Hi, firstly, your NIE does NOT entitle you to live in Spain. This is simply an identification number which is used when making any legal transaction (buying car, house, phone etc.)

There are lots of advantages of getting you residents certificate, it's also a legal requirement but only if you live here for 90 days at a time or it is your main residence.



To the OP - every area is different but the general considerations are that you will not be a burden on the state (as they don't give benefits, I can't see how this would happen anyway). This usually means an income of around 600€ per month per person and/or savings of around 6000€ in/into a Spanish bank.
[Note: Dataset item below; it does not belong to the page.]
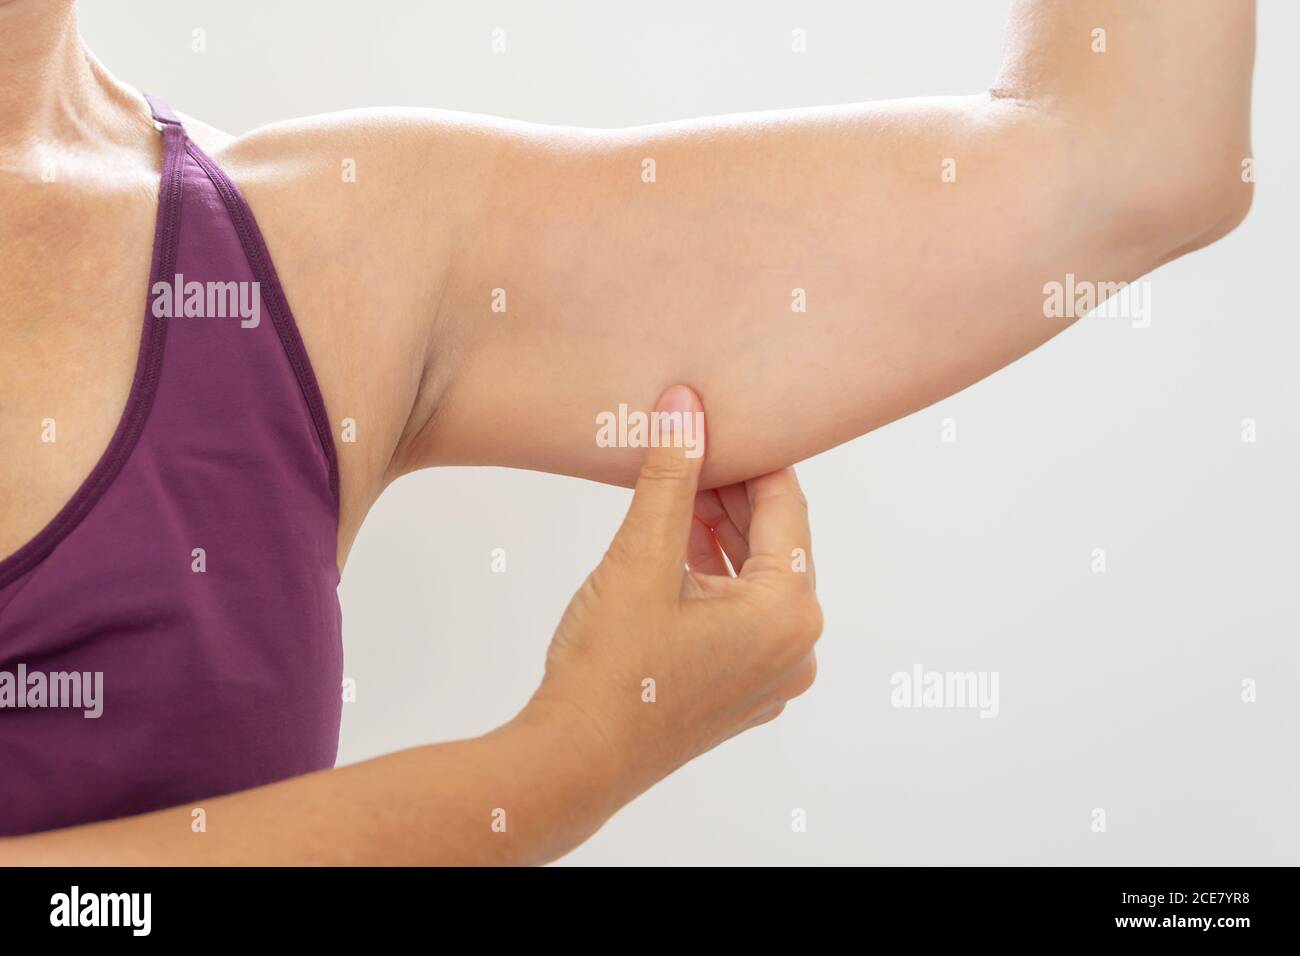 Femme mature pinçant bras de flabby, soins du corps et concept de forme physique Banque D'Images

You will also need proof of health cover.


----------



## baldilocks (Mar 7, 2010)

calpeflyer said:


> Hello all,
> Regards the requirements for Residents Cert :
> did a search but could not find out if income needs to be in a Spanish Account or not.
> Each area may have its own rules - I will be in Alicante.
> ...


In a Spanish bank account.


----------



## brocher (Mar 21, 2011)

stevec2x said:


> It depends!
> 
> We gained residency in Torrevieja recently, and discovered that they didn't give a damm about proof of income/savings anyway!
> 
> ...


Hey Steve, what did you have to do then for your residence?


----------



## amespana (Nov 10, 2009)

We registered in Estepona this morning.We provided passports and copies of first and photo page,padron and copies,a letter from our Spanish bank saying we had more than 12,000 Euros in the account,completed ex18 forms.We had made a cita previa ,it took a matter of minutes.We just had to nip to the local bank to pay the fee,10.80,return and pick up our cards.All this was made easy by the help of this and other forums.Two other UK applicants were there,no idea,will probably make countless visits and then slag Spanish bureaucracy. Research,research,research!!Many thanks to forum members.


----------